= Robert W. Bagnall =

Robert Wellington Bagnall Jr. (1883–1943) was born in Norfolk, Virginia in 1883. He was a minister for the St. Matthew's Episcopal Church in 1911 and continued various careers connected to church leadership. He is most known for his civil rights activism during the 1920s. He worked for the NAACP in several positions for over 20 years.

== Career ==
=== Church ===
Bagnall's career was directly connected to his religious education and work experience. He attended and became a graduate of Bishop Payne Divinity School in Petersburg, VA. Later, he became a priest in 1903. After his ordination, Bagnall "presided over several African Methodist Episcopal (AME) congregations along the Atlantic seaboard before arriving at Detroit and becoming a Rector of the St. Matthew Episcopal" church in 1911. From 1921 to 1933 he served as Dean for the School of Religious Education for Colored People. In 1933, he became the 13th Rector of the St. Thomas Episcopal Church, where he spent the last ten years of his life. During those ten years, Bagnall restored and uplifted the congregation. Along with his wife, Lilian Anderson Bagnall, they led the movement of the St. Thomas Episcopal Church from 12th and Walnut street to 52nd and Parish street.

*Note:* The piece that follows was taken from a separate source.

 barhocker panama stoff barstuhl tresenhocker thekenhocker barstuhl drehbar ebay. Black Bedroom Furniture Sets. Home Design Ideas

In his preachings, Bagnall was known as one of the most militant African American ministers in the United States. In his 1921 book The History of the Negro Church, historian Carter Godwin Woodson wrote that Bagnall was one of the few who had "actually preached the use of force and encouraged resistance to the mobs" of whites attacking Blacks in the early 20th century.

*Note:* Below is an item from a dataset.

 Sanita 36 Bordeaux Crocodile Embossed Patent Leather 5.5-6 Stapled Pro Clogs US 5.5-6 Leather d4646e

=== National Association for the Advancement of Colored People ===
Bagnall was one of the founders of the Detroit branch of the NAACP in the 1910s, where, as a spokesperson of the NAACP, he "led successful campaigns against school segregation, police brutality, and discrimination at the Ford Motor Company." His work there gave him recognition in the organization, and he was promoted to Regional Recruiter/district organizer in the Great Lakes area in 1918, where he served for a short time. He was promoted again in 1921 and moved to New York to serve as the National Director of Branches for the NAACP. Due to the Great Depression, in 1933, Bagnall resigned from his position because the organization had to cut staff and salaries.